This is a promotional poster for the television show “UFO,” premiering on Showtime Aug. 8, 2021. (CNS photo/courtesy Showtime)

NEW YORK (CNS) — “The truth is out there.” Even those who never saw the popular 1990s Fox science-fiction drama “The X-Files” are familiar with its famous catchphrase.

The four-part docuseries “UFO” makes the point that the search for evidence of extraterrestrial life has, for too long, been a pursuit shrouded in secrecy and dismissed as eccentric.

Co-produced by J.J. Abrams’ Bad Robot production company and Zipper Bros. Films, the show premieres Sunday, Aug. 8, 9-10 p.m. EDT on the Showtime pay-cable channel. It will air in that time slot each Sunday through Aug. 29.

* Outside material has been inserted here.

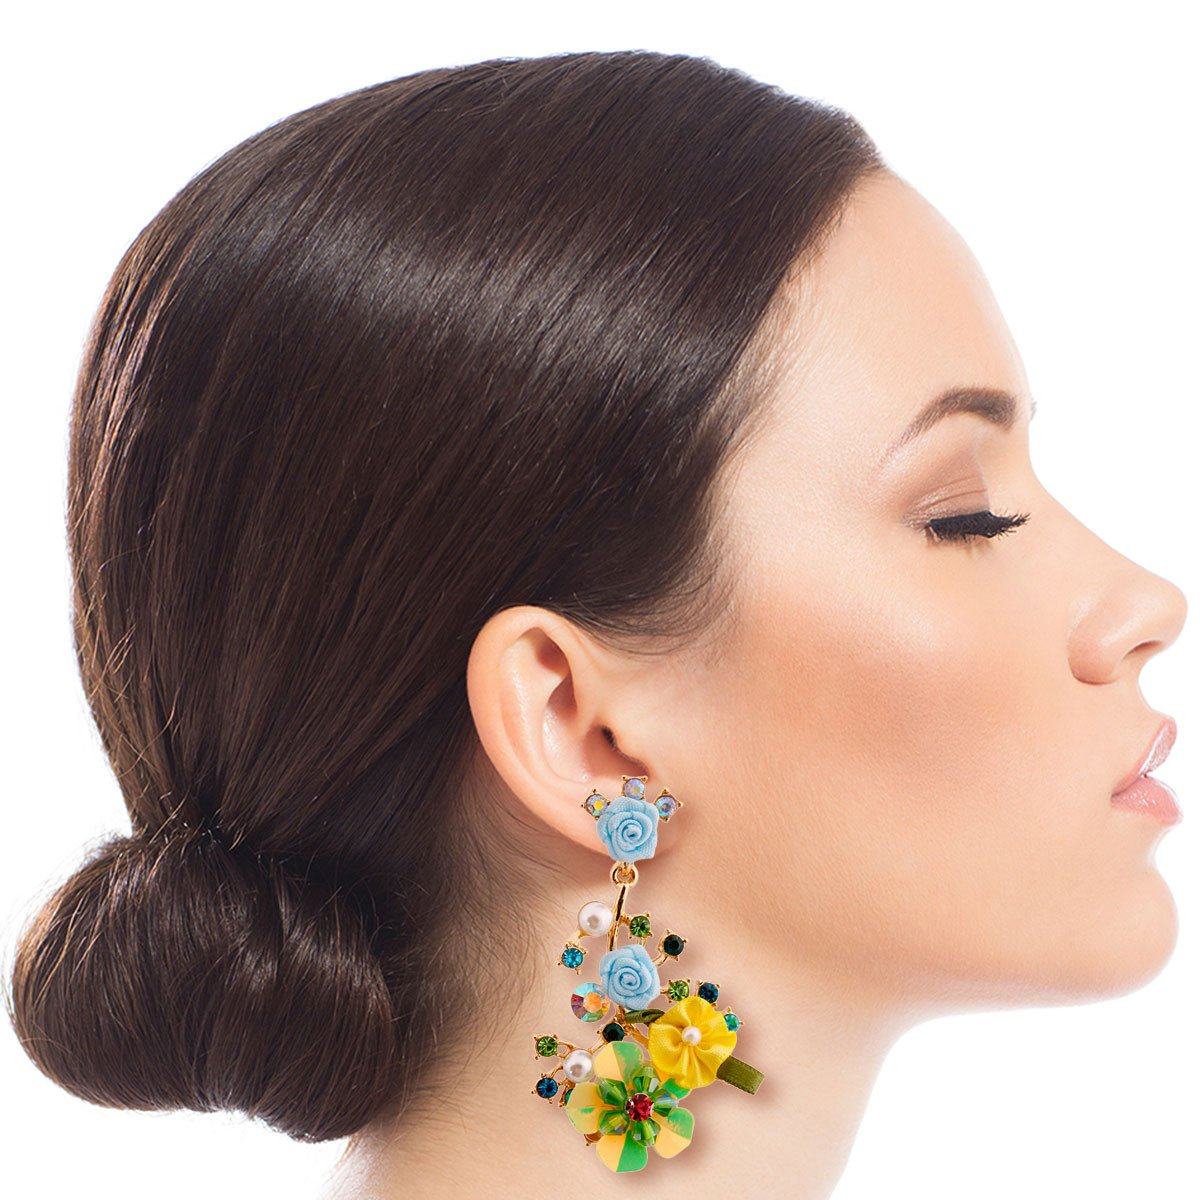 Aqua Flower and Rhinestone Drop Earrings
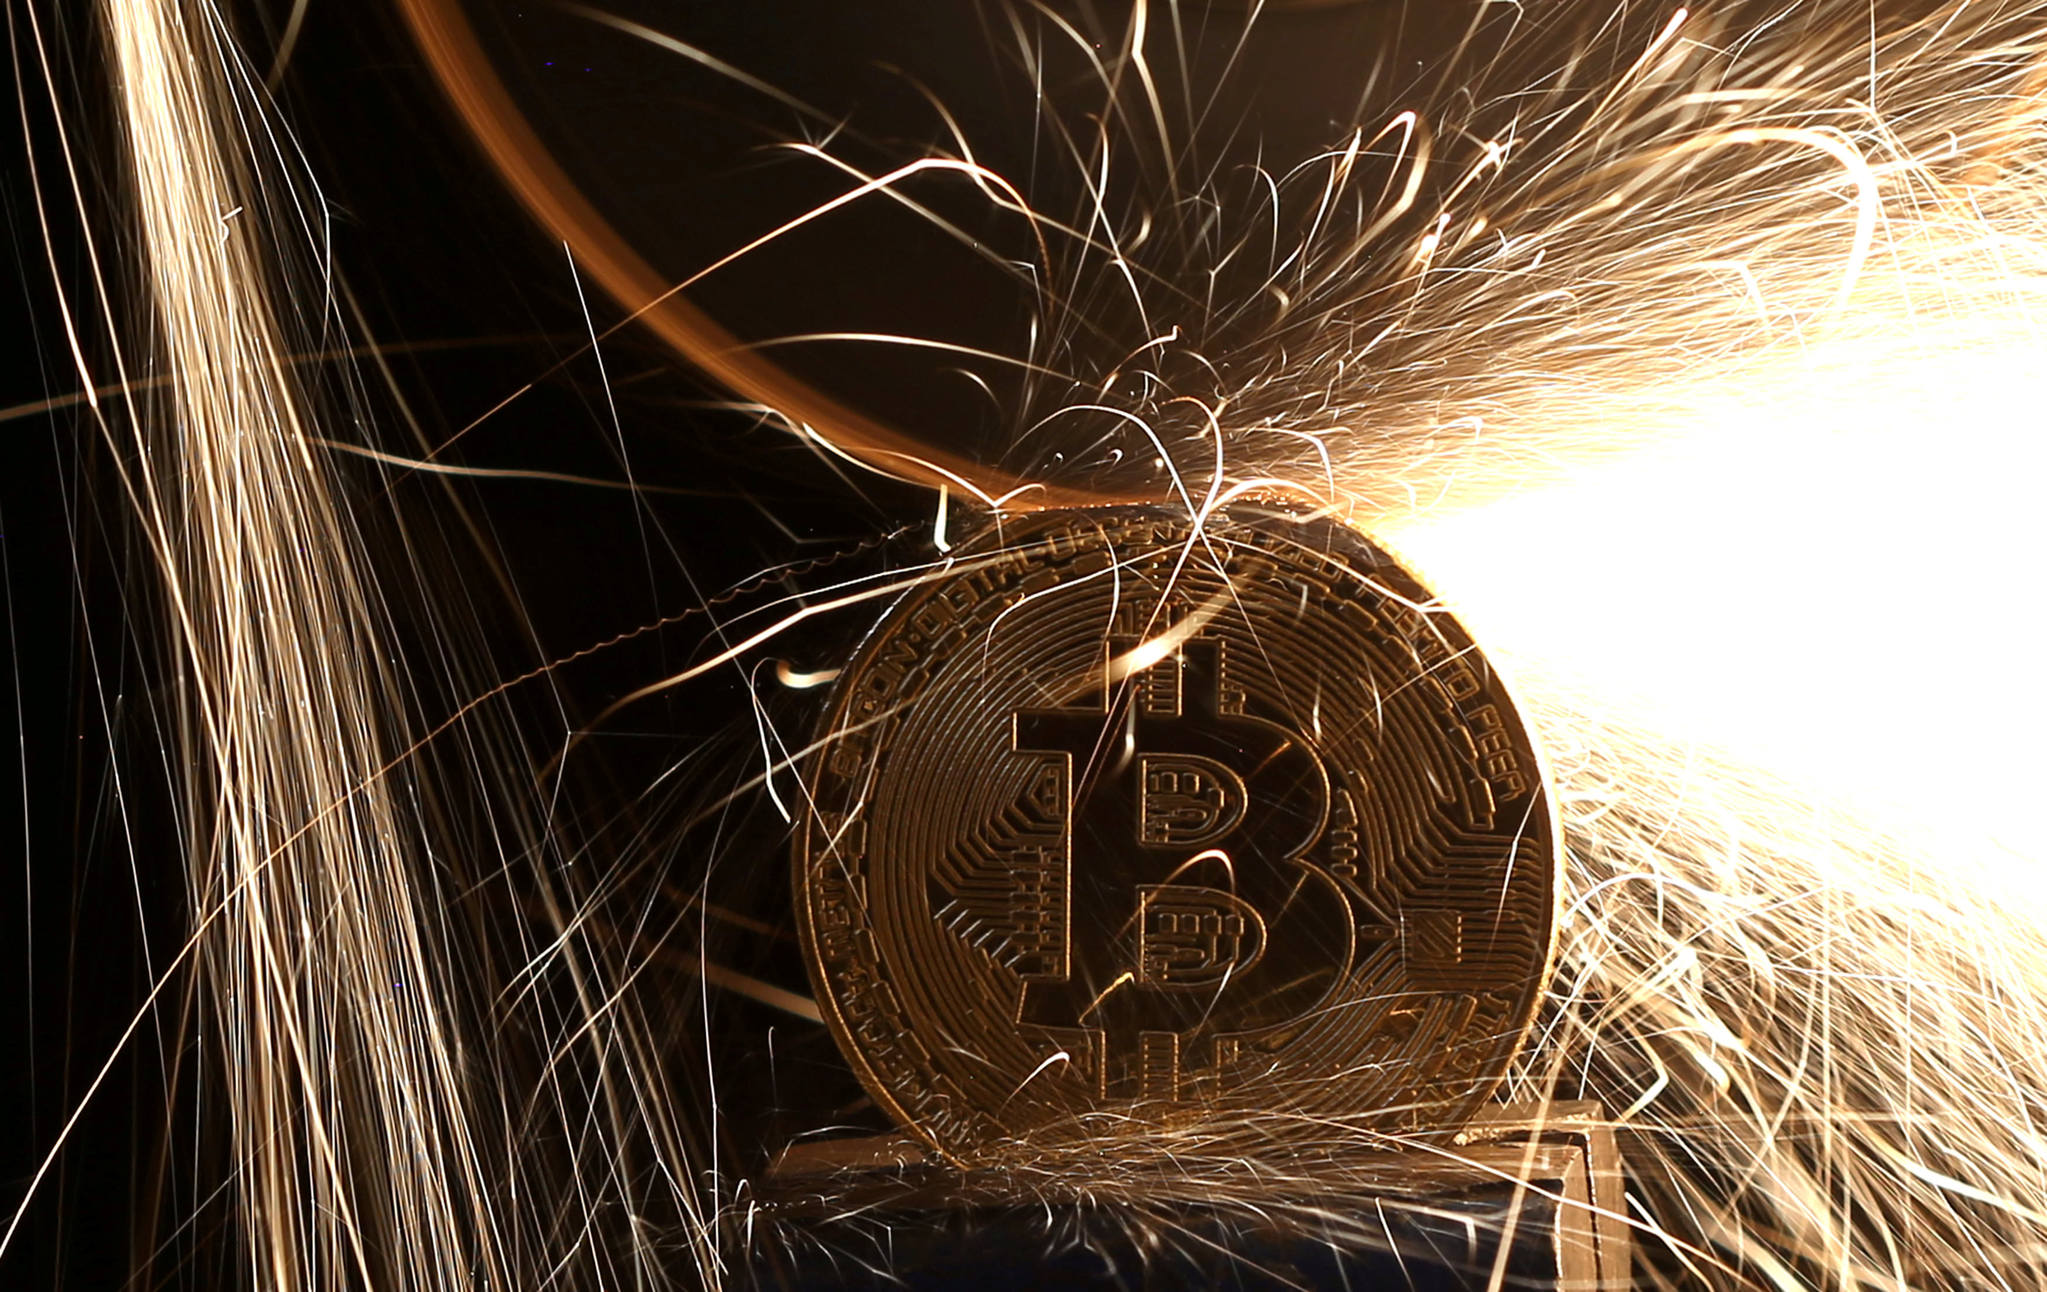 Bitcoin üreticileri Güneydoğu’yu kıskaca aldı

Mark Monroe and Paul Crowder direct the program, which opens with archival footage of the Apollo 17 crew walking on the moon Dec. 17, 1972. One astronaut is heard asking: “What are those things going over? It just came flying over the top of our heads.”

Back in the early ’70s, the filmmakers suggest, if even as respected a figure as a NASA astronaut had claimed to have seen a UFO, he would have been ridiculed. Today, a very different atmosphere prevails.

According to the narrative, two seminal events contributed to this change. The first was the CIA’s January 2016 declassification of all its UFO reports — information that investigative journalist John Greenewald then warehoused at his website, The Black Vault.

The second was the publication of a New York Times article in December of the following year. It revealed the existence of the Pentagon’s semi-clandestine Advanced Aerospace Threat Identification Program.

Begun in 2007 under the sponsorship of Sen. Harry Reid, D-Nev., then the Senate majority leader, the AATIP’s mission was to track UFOs and identify any danger they might pose. In the wake of the Times expose, the AATIP’s enigmatic director, Luis Elizondo, resigned, citing a lack of adequate resources for the program.

Appearing on CNN soon after, Elizondo observed that, in his opinion, there is “compelling evidence we may not be alone.”

Using extensive testimony and commentary from eyewitnesses and journalists, as well as reenactments, the filmmakers highlight some of the more notorious incidents that seem to point to the reality of UFOs.

These include the so-called the Phoenix Lights episode. On the night of March 13, 1997, many Arizonans reported seeing an object in the sky with “five lights in a triangular pattern,” as an anonymous caller from Luke Air Force Base described it the next day.

He also said two F-15 fighter planes had been launched. After that, he continued, “All hell broke loose, and the base was locked down.”

The basic topic would likely be an alarming one for small fry, who would also be upset by references to the mysterious mutilation of animals. Parents of older kids may have to weigh the show’s potential educational value against the presence of some vulgar language in the first two episodes reviewed. But the series is certainly acceptable for most adults.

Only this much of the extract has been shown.